(From Sunday, March 11, 2018)

Sometimes I go outside and try to feel how the breezes are blowing not around but through my body. I am a porous thing of the wind, miraculously held in place by skin -- or, as quantum physics might tell us, -- a holistic entanglement of immaterial energy waves, as are all material things.

This dissolves the superior view of human-hood over against creation, of which I find myself frequently guilty, and place me in solidarity with all that is around me, animate and inanimate. The experience of being in solidarity with God's creation is a form of prayer. Listen, and you can hear all creation singing.

Everywhere there is life, there is song. The Bible tell us that the entire breadth of creation shares equally with human being in actively praising God. "Let the sea roar, and all that fills it” we sing in Psalm 96, "let the field exult, and everything in it" (vv. Ilb-12a; RSV). In Psalm 98, “Let the floods clap their hands; let the hills sing together with joy"' (v. 8). In Isaiah 55 the trees, too, clap their hands and the mountains and hills "shall burst into song" (v. 12). And in Isaiah 35, "the desert shall rejoice and blossom; like the crocus it shall blossom abundantly, and rejoice with joy and singing" (v. 1 b-2a).

Can you hear the sunflowers singing?

If we think of liturgy in our worship life as "the work of the people” -- all the things we do to praise and give thanks to God -- then the liturgy of the nonhuman world resides in the activity of all those parts of God's creation that express their essential nature. "Your work praises you so that we may love you,” Augustine says to God in his Confessions. Male mourning dove coo across housetop in search of lifetime mates. Quaking aspen sway in the breeze in gentle salutation. Dolphins leap out of the water, often in perfect tandem, keeping their senses sharp while also having fun. Bees go about their busy-ness of pollination, making possible about one-third of the food we eat. By late summer, the seas of corn tassels will be waving to us.

But here in the Anthropocene, Earth’s most recent geologic period that is best described as human-dominated, we have largely lost our ability to experience the liturgical life of the nonhuman world. This is because humanity has asserted itself as nature's most decisive force.

Humans are making decisions that are altering the earth's weather patterns, which in turn affect which evolutionary pathways will remain open and which will be closed. At a recent ELCA synod workshop in South-Central Wisconsin, the presenter offered abundant evidence that "global warming is the biggest crisis facing the well-being of our planet.
A report from the recent Biological Extinction conference at the Vatican states that one in five species on earth now faces extinction. That will rise to 50 percent by the end of this century unless urgent action is taken. American songbirds are being decimated by global warming, habitat loss, wind turbines, and free-ranging domestic cats, which you may be surprised to learn kill some 3 billion songbirds each year. Nine billion animals are bred each year on US factory farms in abysmal conditions which never allow these creature to express their natural behaviors, their own distinctive liturgies of praise.

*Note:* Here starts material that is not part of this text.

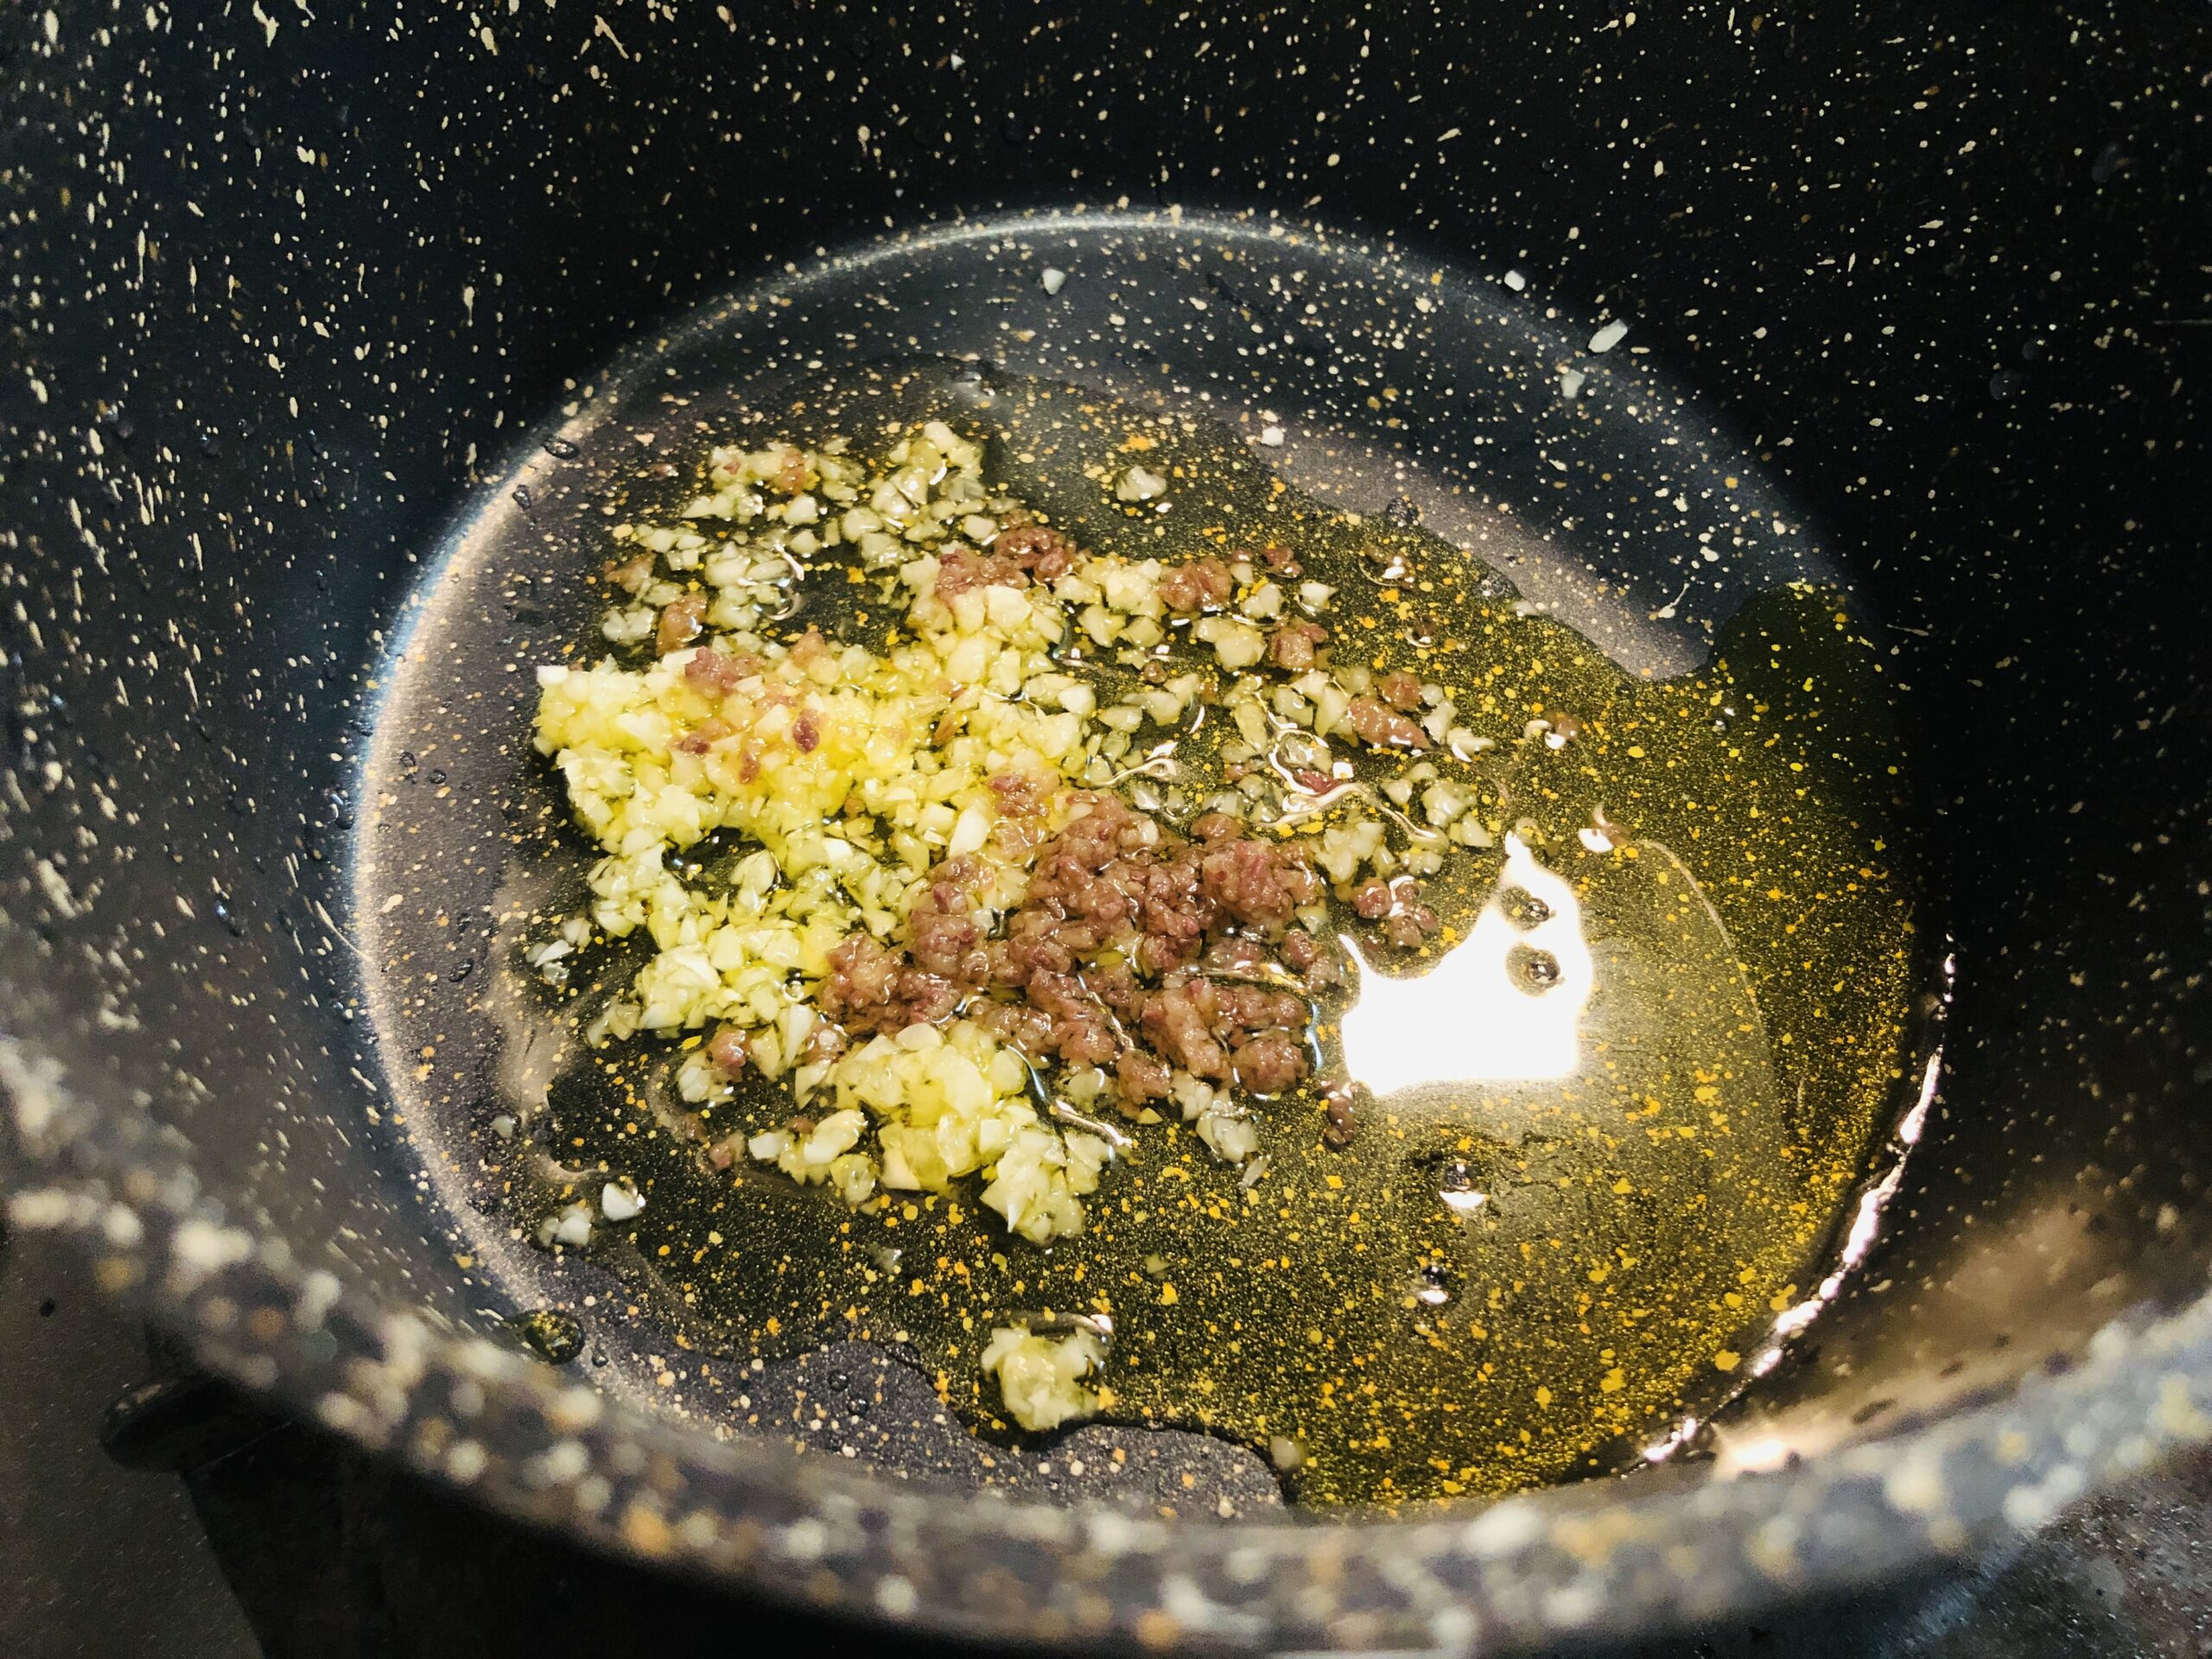 小鍋にオリーブオイル、ニンニクとアンチョビのみじん切りを入れた状態の画像です
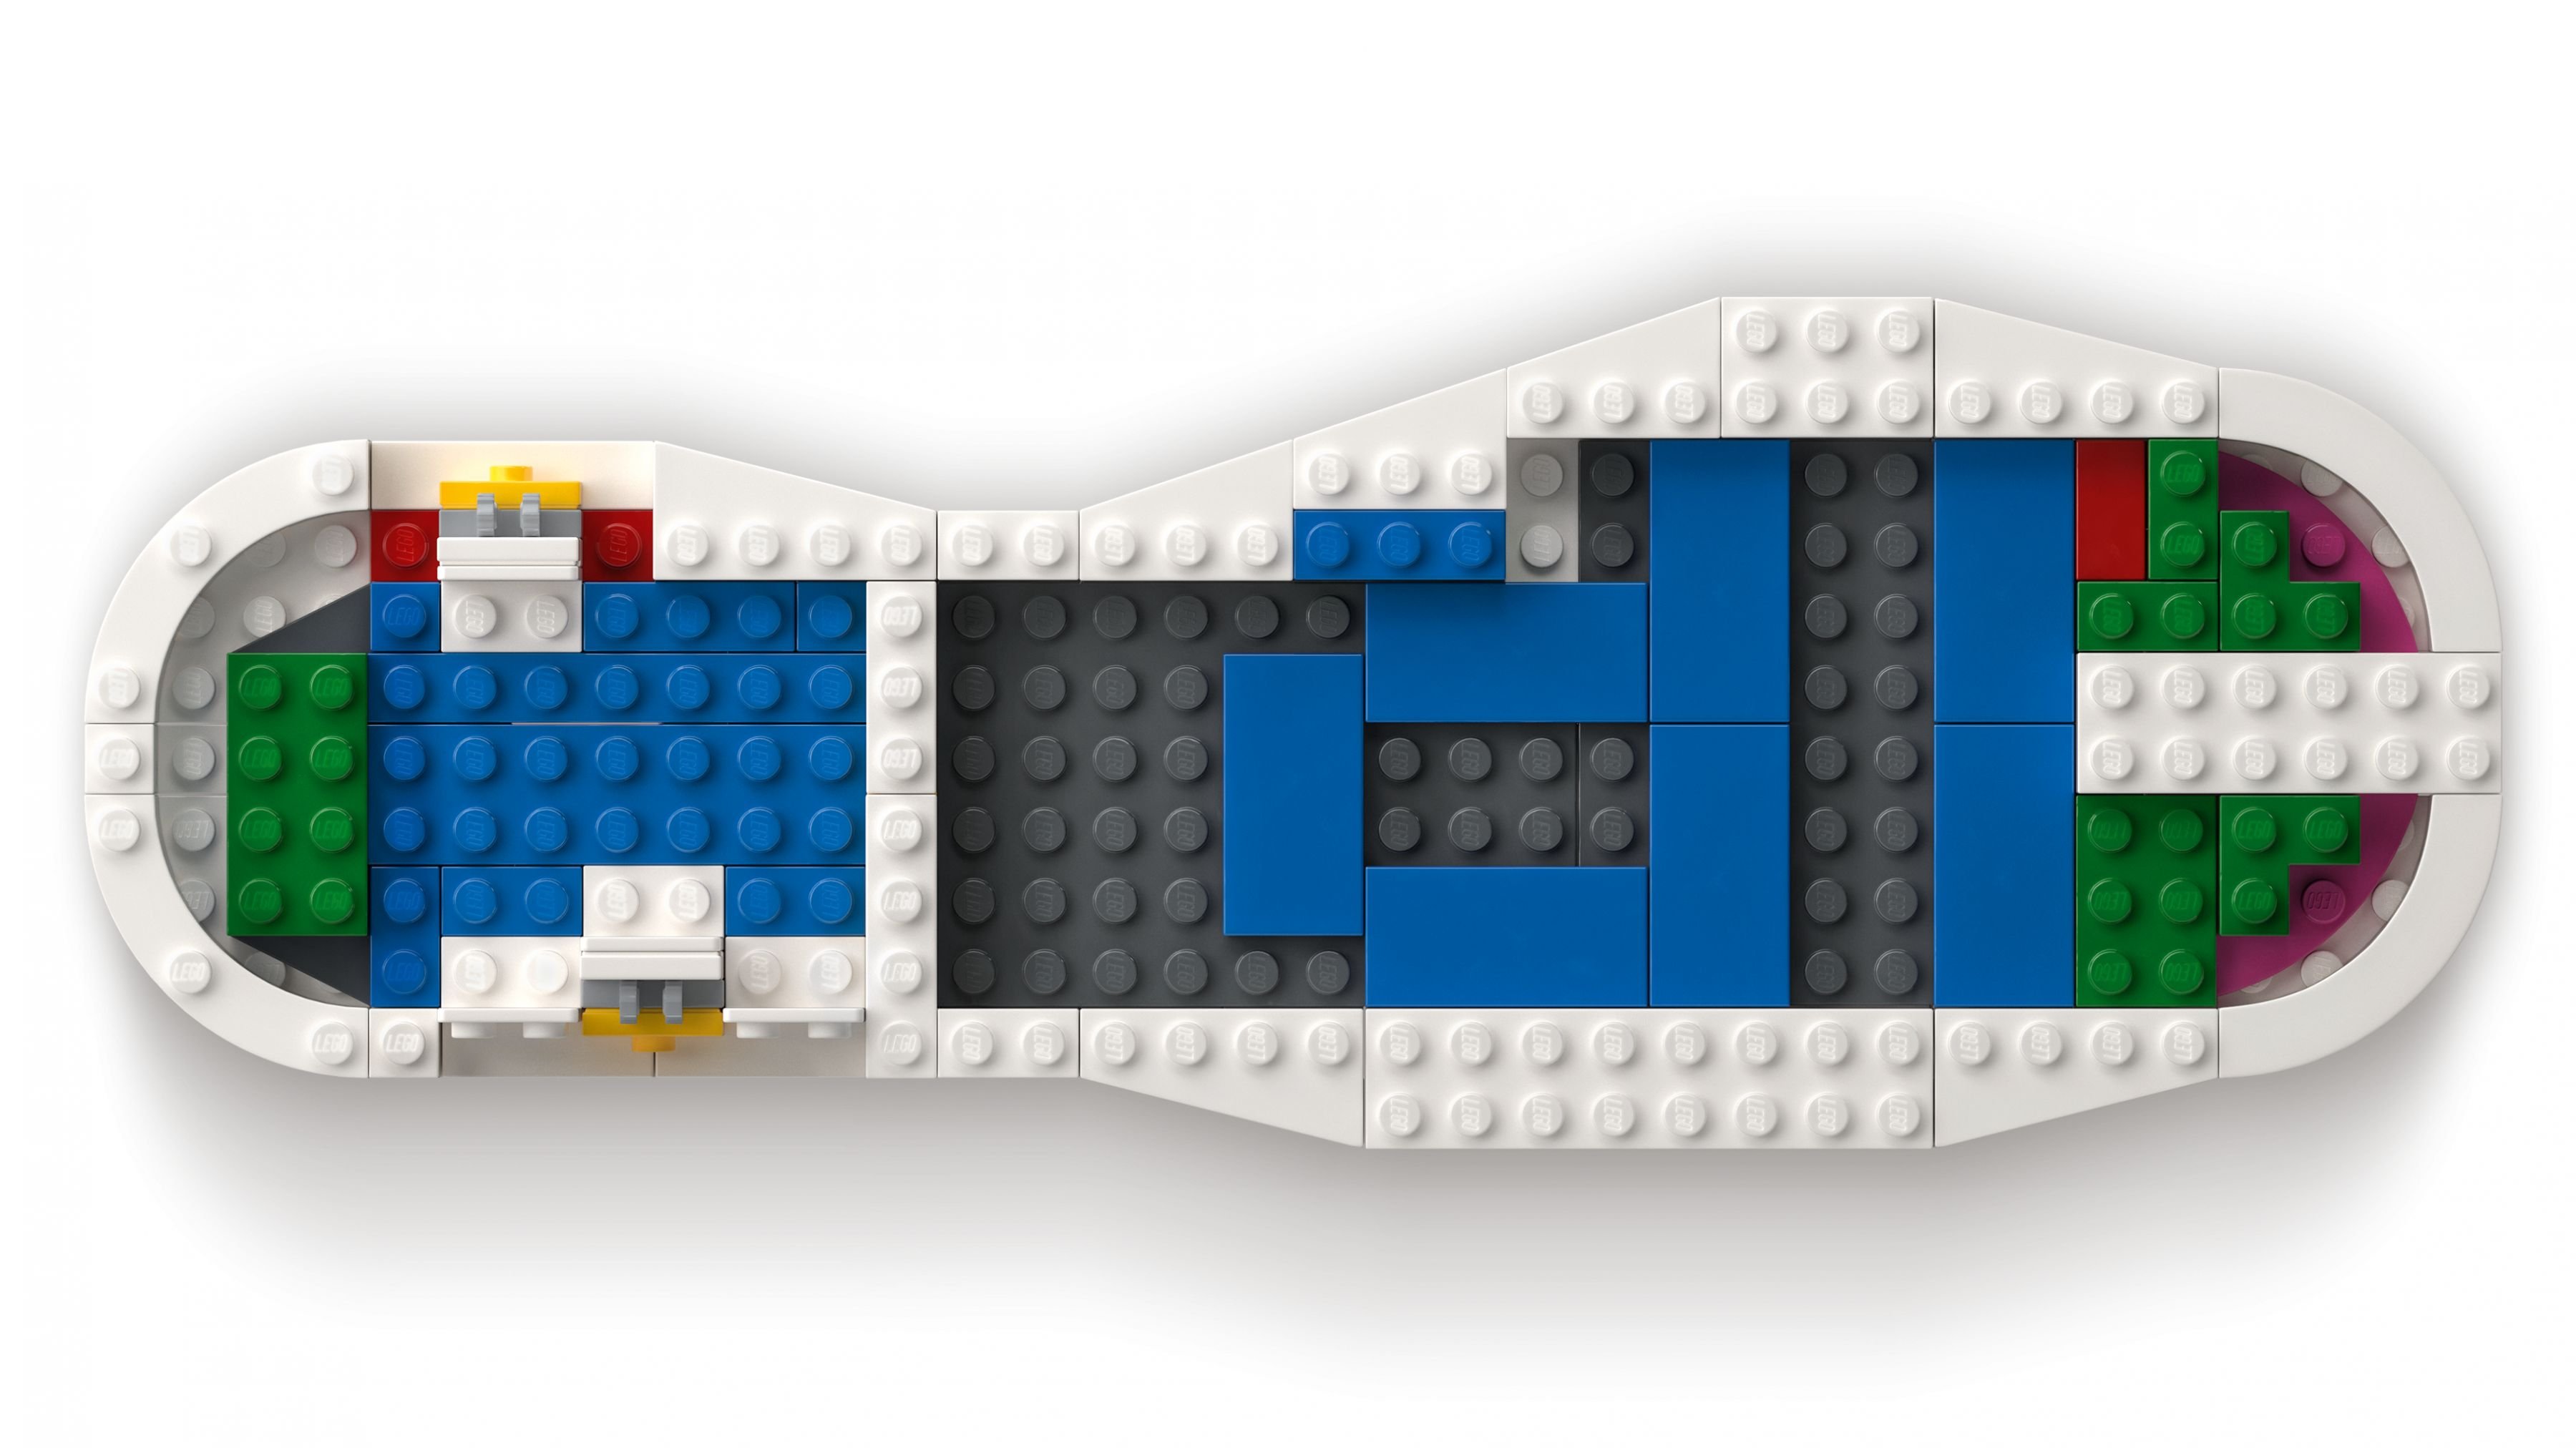 LEGO Advanced Models 10282 adidas Originals Superstar LEGO_10282_web_sec01_nobg.jpg

We are living in the most important environmental century in the history of the planet. Yet creation is groaning all around us.  In his 2015 encyclical "Laudato Si'" ("On Care for Our Common Home"), Pope Francis writes that “.. our Sister, Mother Earth ... now cries out to us because of the harm we have inflicted on her by our irresponsible use and abuse of the goods with which God has endowed her. We have come to see ourselves as her lords and masters, entitled to plunder her at will.”

Benjamin Stewart of the Lutheran School of Theology at Chicago said in a compelling talk at the 2015 Institute of Liturgical Studies in Valparaiso, IN that in the gospels Jesus calls us into solidarity with the voices of the vulnerable. We are exhorted to act, as did the widow in Luke 18 who badgers an indifferent judge so relentlessly that he finally gives in to her demand for justice, just to get her off his back. "And will not God grant justice to his chosen ones who cry to him day and night?" Jesus declares (Luke 17:7).

Activism is important. But all that we do as Christians emerge out of prayer, where we draw our strength from the wellspring of the crucified Christ.  Prayer fuels our yearning to reconnect with the source of all life. In so doing, we may bring what Stewart called the earth's "groaning silent voices" and their silenced liturgies into our prayer, much like the songbirds and the factory-raised animals.

As you deepen your participation in the prayer life of creation, be creative in your imagining. For example, in a 2016 article Stewart imagines prefacing the Sanctus with word such as these.
And so, with angels and archangels, with the cats and the seagulls, with the sequoias and the stars, the dog and dolphins, with people in every language and in every place, with the gift of mercy on our lips, we praise God's name and join the unending hymn.
Reconnect with the outdoors, and let your prayer run free -- see where it takes you.

Adapted from ALCM In Tempo No. 2, (c) 2017.